An exciting opportunity has found it’s way to us at Ho‘okua‘āina! Some of you are aware that in our loʻi at Kapalai we use the mounded or puʻe puʻe style of growing kalo. The authors of the book Native Planters, considered the authority of traditional Hawaiian food crop cultivation, argue that the first settlers to Hawai‘i cultivated kalo in this style—as opposed to the predominant way that it is grown today, submerged in water. Our mentor, Uncle Earl Kawaʻa, who grew up farming kalo, acknowledges that we have been relearning this ancient method of growing through trial and error. From day one at Ho‘okua‘āina, we have been on a mission to gain back ancient knowledge that had been lost.
This past winter we were fascinated by an article in Hana Hou magazine about Rurutu, a tiny and remote island in French Polynesia where kalo is grown in the same mounded manner like we do. In addition, the people there pound kalo into poi exactly like Hawaiians, using the same implements, and they call it popoi! As far as we knew, Hawaii was unique in this regard. Coincidentally, months later, a young man named Tamatea whose family lives on Rurutu came to visit our lo‘i. Tamatea explained Rurutu’s thriving kalo culture and manner of eating it with every meal. After this intriguing conversation, we reached out to his uncle, Viriamu (the kalo farmer featured in the Hana Hou article) and began planning an expedition in search of lost ancient knowledge and important cultural connections vital to us as we search the past to find answers for our future.

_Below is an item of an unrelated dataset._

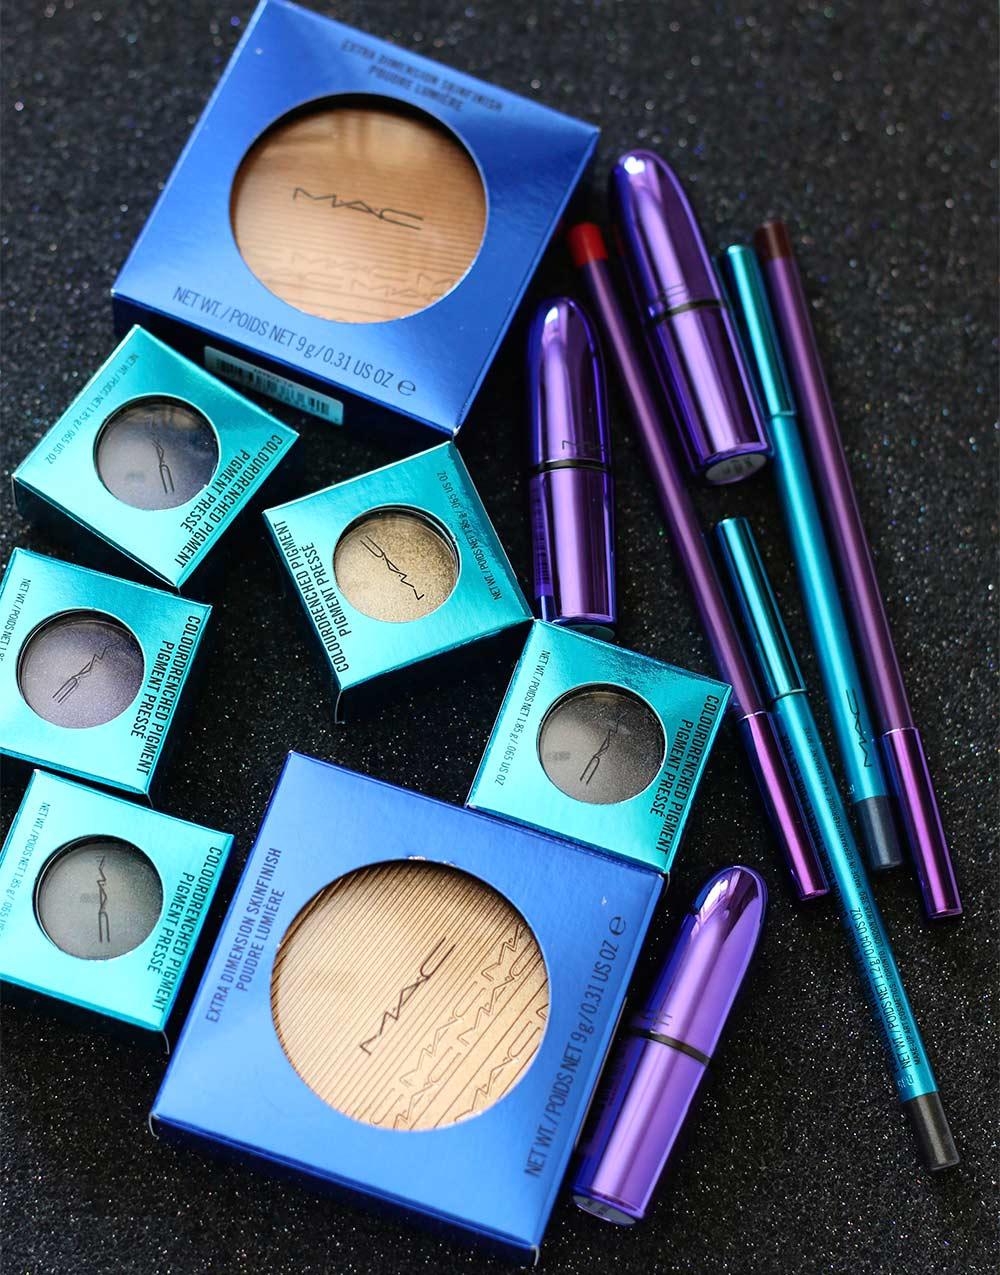 Mac Makeup Gift Sets 2016 | Saubhaya Makeup
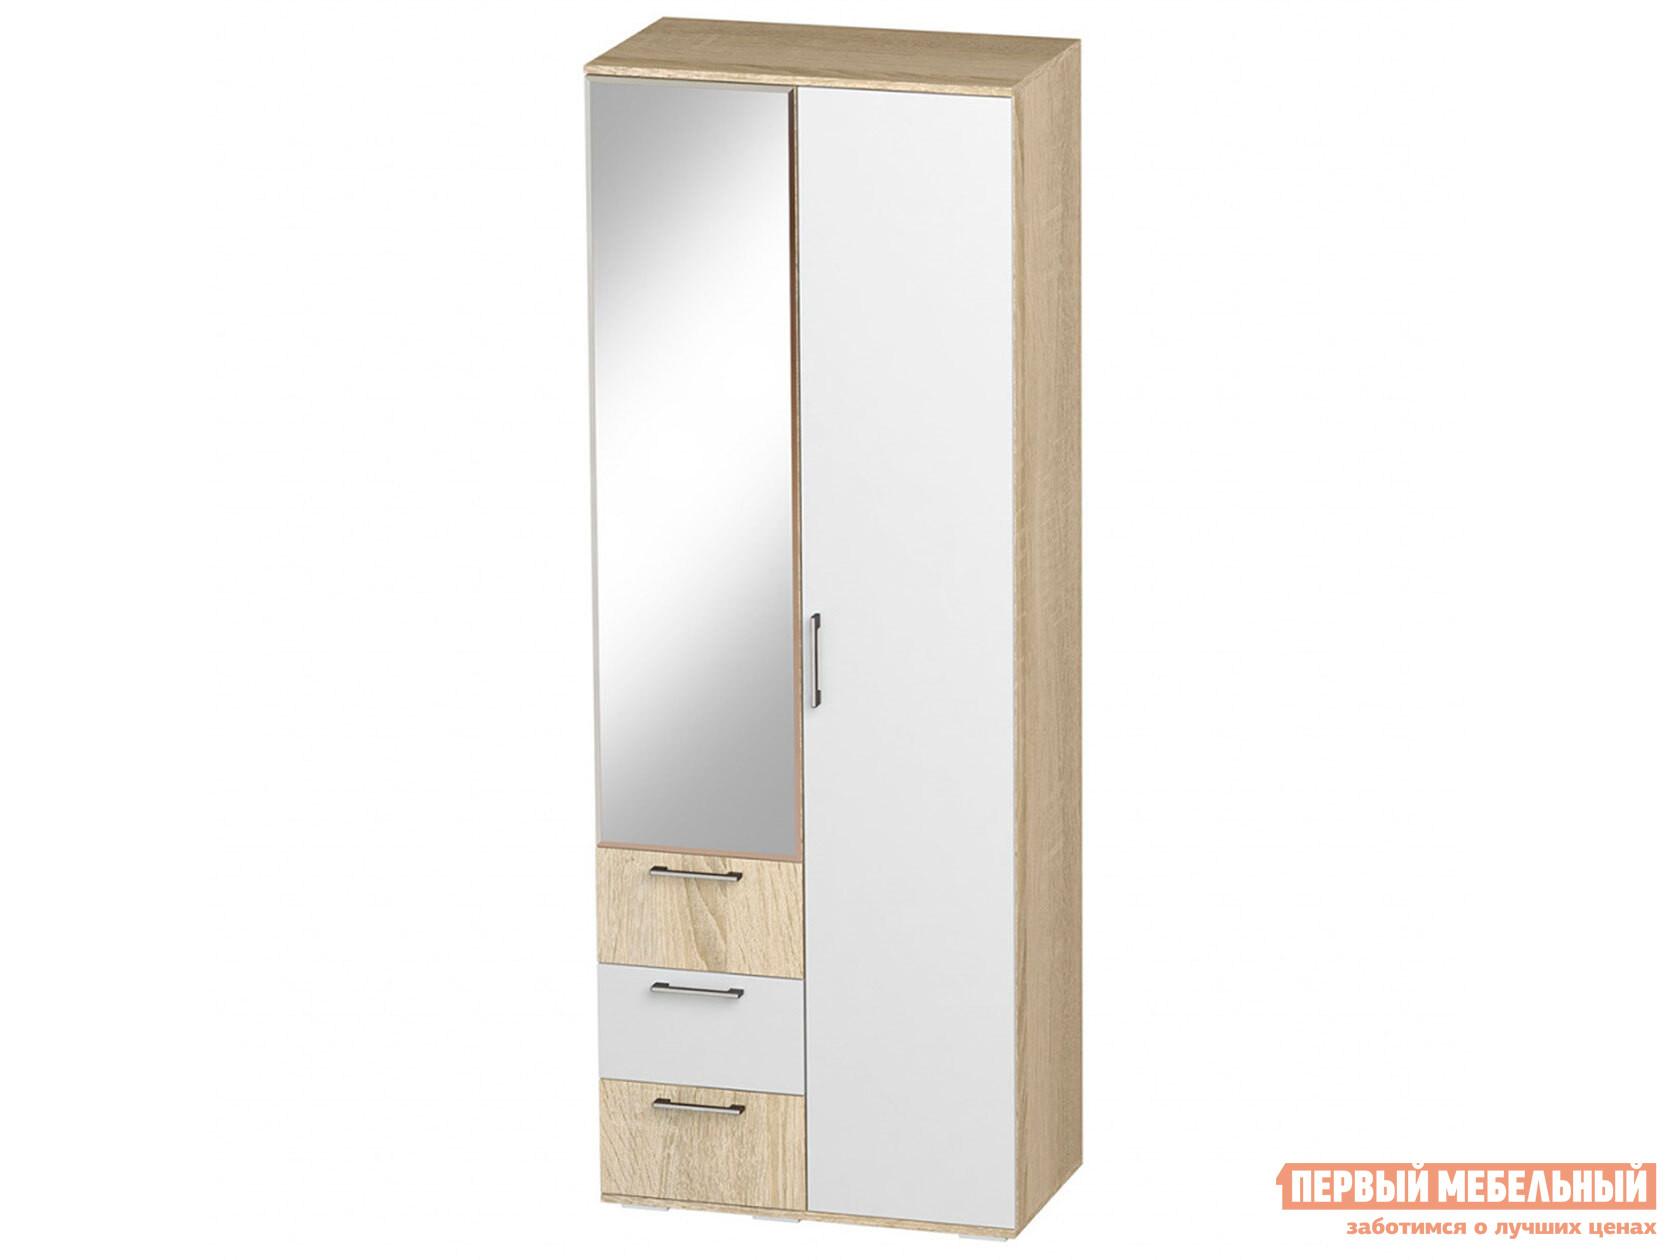 Шкаф распашной Первый Мебельный Белладжио Шкаф двухстворчатый ШК-12 шкаф распашной первый мебельный шкаф двухстворчатый куба 13 136

For over 10 years we have been seeking knowledge of the ancient style of puʻe puʻe kalo cultivation, feeling almost like pioneers, and always wondering if what we are doing is correct. Going to Rurutu will enlighten and educate us on a tradition that has continued uninterrupted for 2,000 years, and affirm the path we are already on. Going there will allow us the opportunity to step back in time and experience a place where kalo is still the staple, and where the practice of pounding kalo into poi may have first begun. In short, this is an opportunity to reconnect to and build a relationship with others of a shared ancient heritage and bring that ʻike or knowledge back to share in Hawaii.